Gerard Baker
Gerard Baker

Gerard Baker, a full blood member of the Mandan-Hidatsa tribe and the highest ranking American Indian in National Park Service (NPS) history, is a familiar face on American Public Television. He appeared prominently in the Ken Burns and Dayton Duncan’s film The National Parks: America’s Best Idea. He is also a widely recognized public figure throughout Indian Country for his work as mediator and facilitator between the Service and tribal governments on an exhaustive range of public policy issues. Baker was born on the Fort Berthold Indian Reservation, Mandaree, North Dakota. Growing up in a traditional Indian home on his father’s cattle ranch, he spent time breaking horses, running cows, and doing chores. At night, he listened to stories told by family members and tribal elders – stories of warfare, great hunts, legends, and the survival of his people and culture.

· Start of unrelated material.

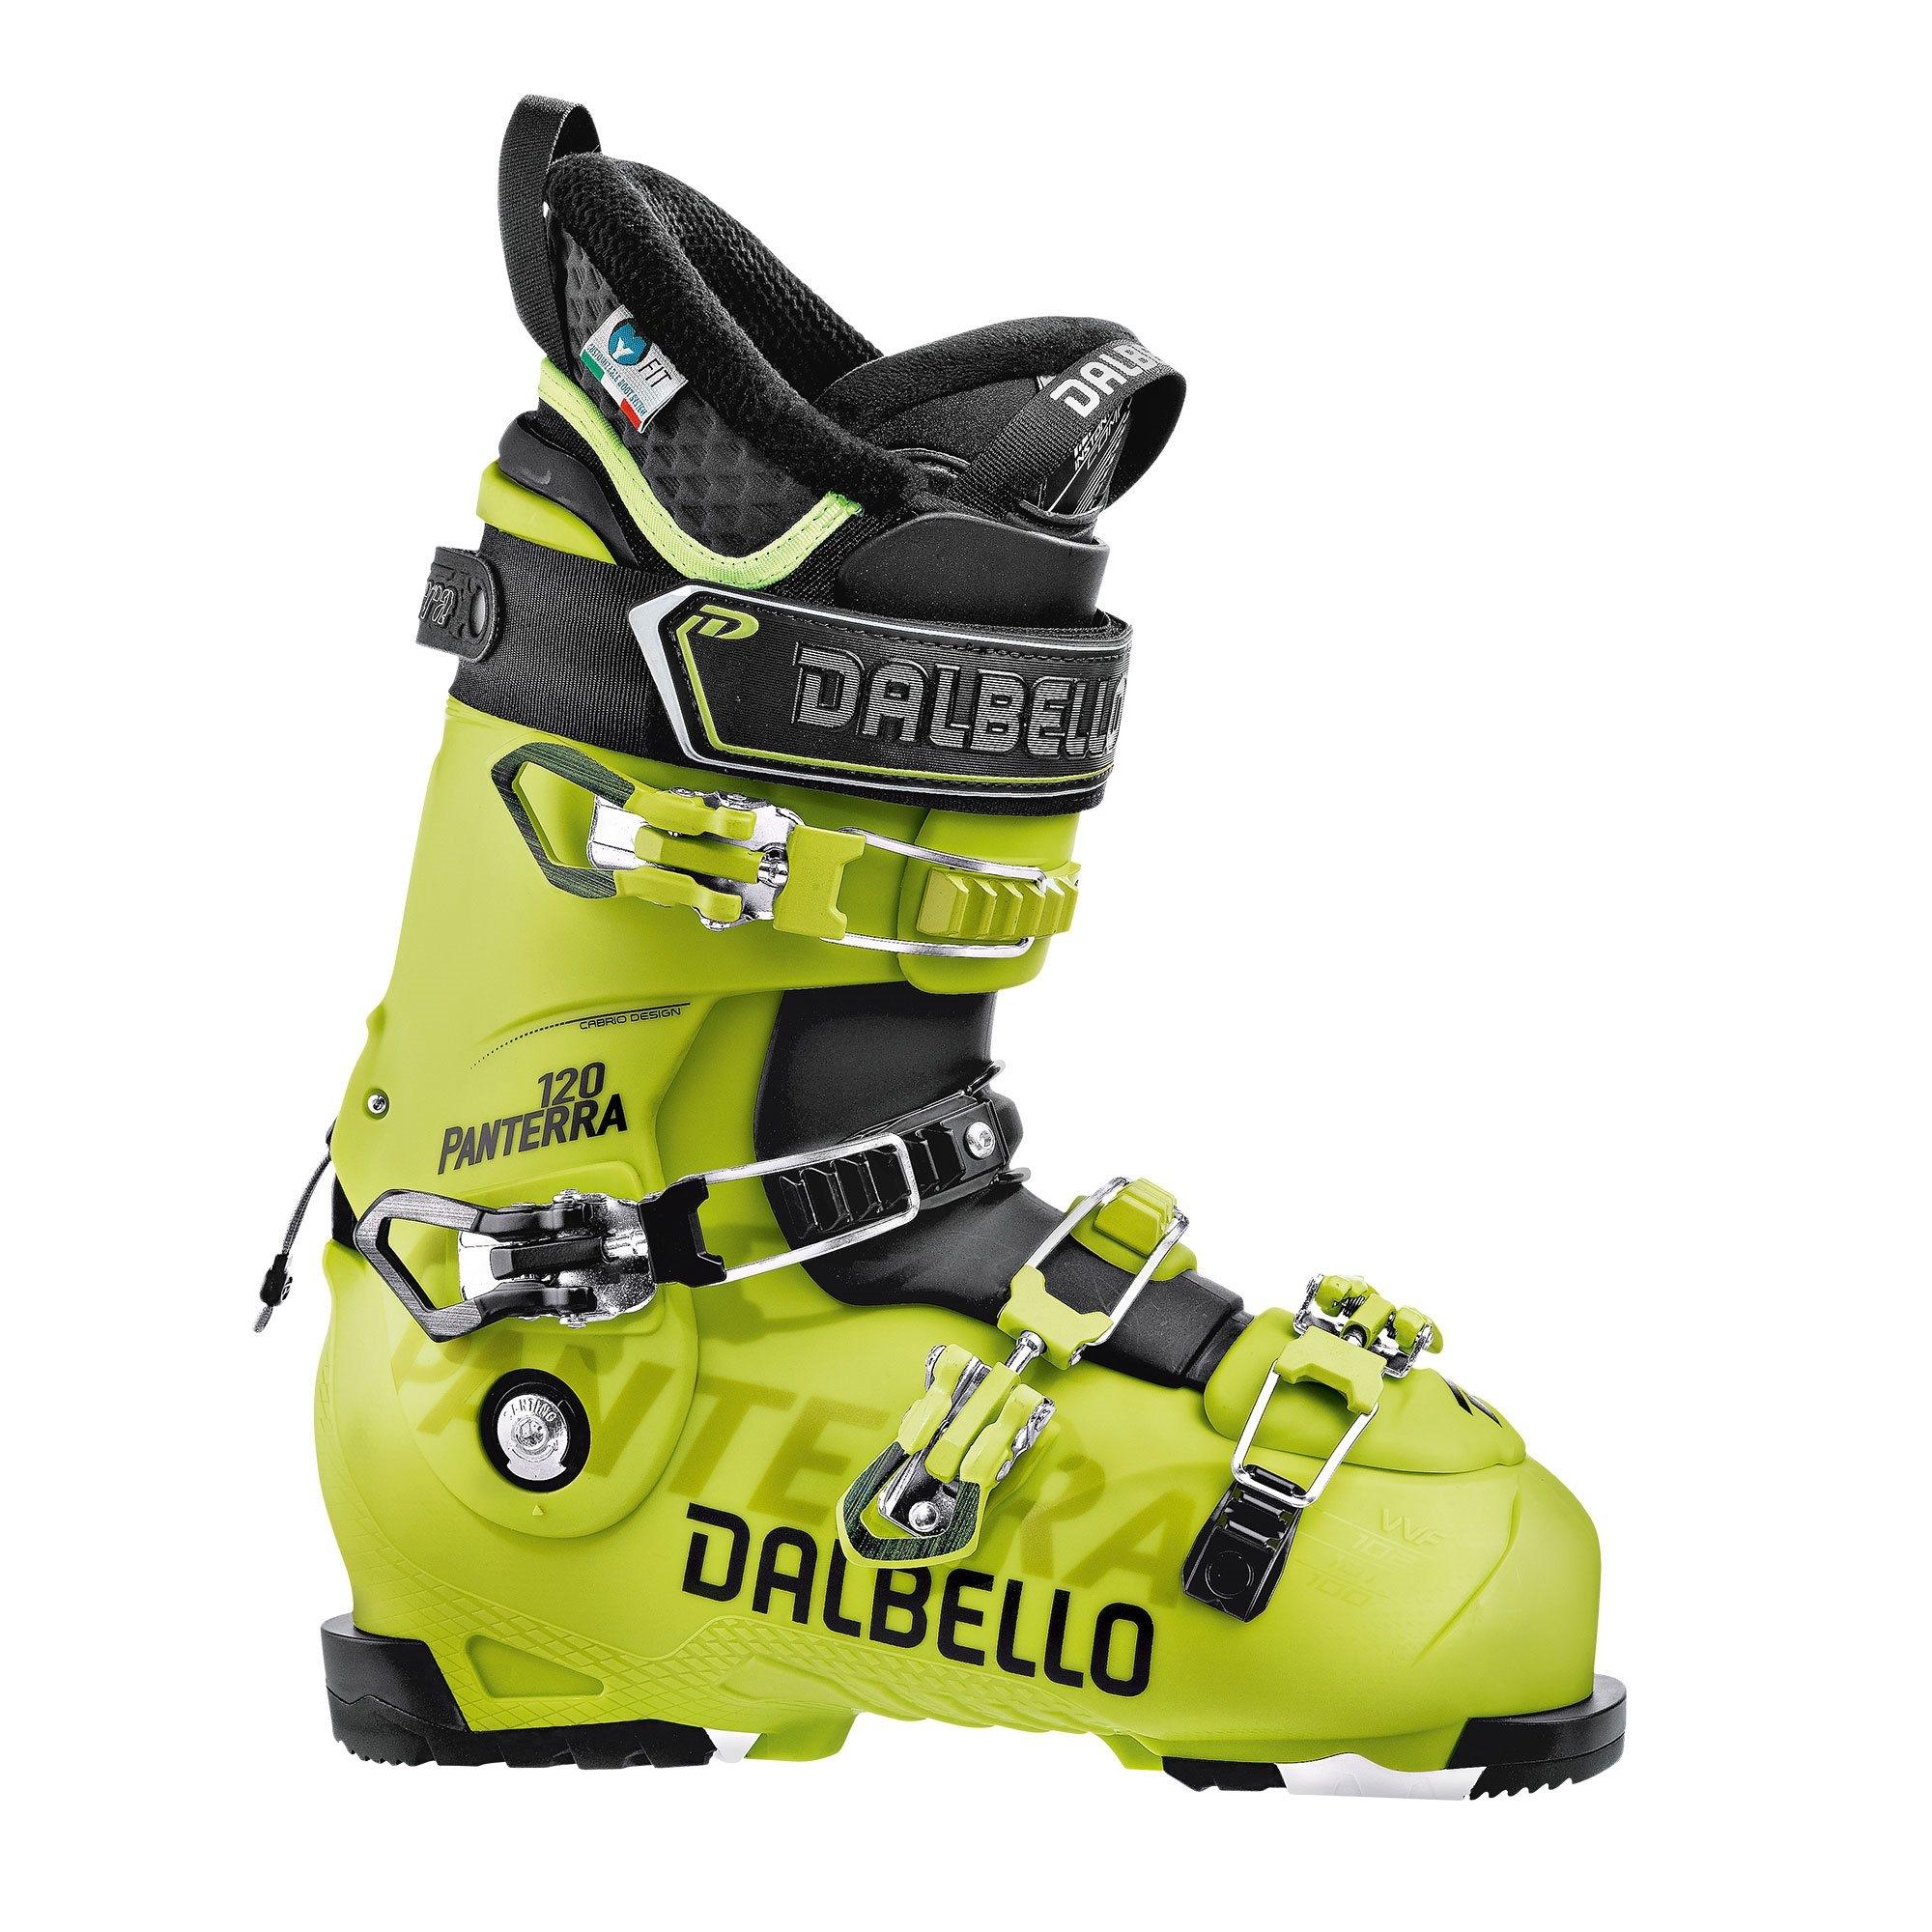 Dalbello Panterra 120 Ski Boot Acid Yellow/Black 2018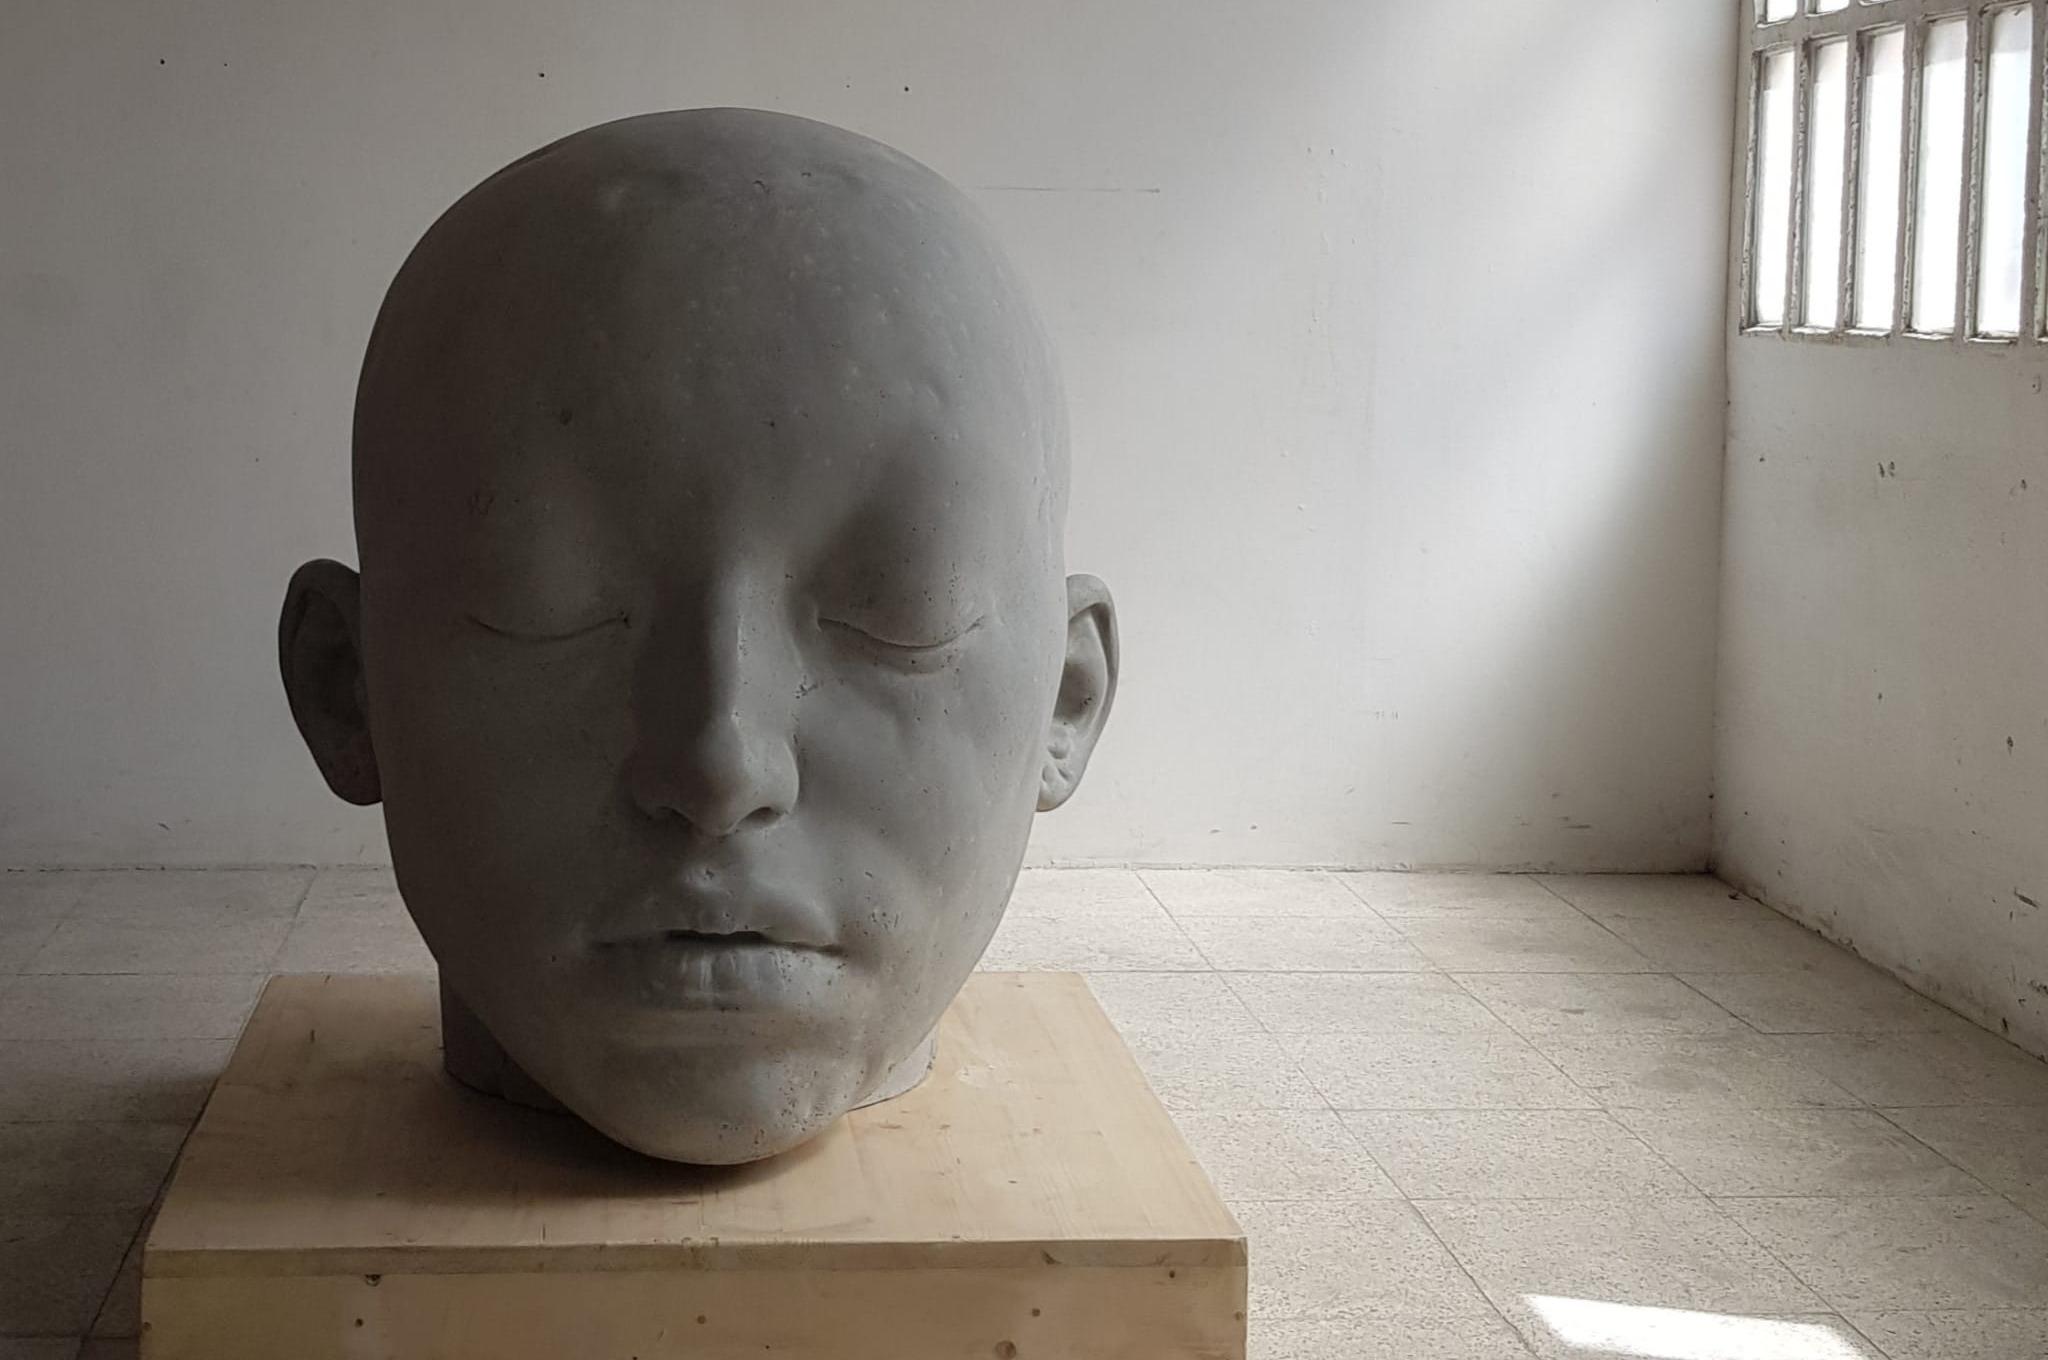 El-artista-Samuel-Salcedo-presenta-Under-construction-120x100x100

Baker attended reservation schools graduating from St. Mary’s High School in New England, North Dakota. In 1979, he earned a bachelor’s degree in criminal justice and sociology from Southern Oregon State University and an honorary doctorate in public service from the South Dakota School of Mines and Technology in 2007. Baker began his NPS career in 1974 as a seasonal at Theodore Roosevelt National Park, Medora, North Dakota. His first permanent assignment in 1979 was as a park technician at Knife River Indian Villages National Historic Site. He served as historian at Fort Union Trading Post National Historic Park before serving as district ranger at the North Unit back at Theodore Roosevelt.

In 1990, Baker transferred to the U.S. Forest Service serving several years before returning to NPS as superintendent of Little Bighorn National Monument. In 1998, he became superintendent of Chickasaw National Recreation Area in Oklahoma and in 2000 became superintendent of Lewis and Clark National Historic Trail. From 2004 to 2010, Gerard Baker served as Superintendent of Mount Rushmore National Memorial. From April 2010 until his retirement later that year, he served as the assistant director, American Indian Relations, at NPS headquarters in Washington, DC.

Baker has served as the face of the National Park Service to Indian Country and also as a strong voice for Native Peoples to that agency. Baker was a consultant to and an on-camera presence in the 1997 Ken Burns film Lewis and Clark: The Journey of the Corps of Discovery. He toured with Burns and historian Stephen Ambrose giving the Indian perspective on the Expedition. He and his wife Mary Kay now live in the Black Hills of South Dakota and have four children and eight grandchildren. A University of Colorado at Boulder historian once said, “Gerard Baker is a person of great significance in the history of the American West.”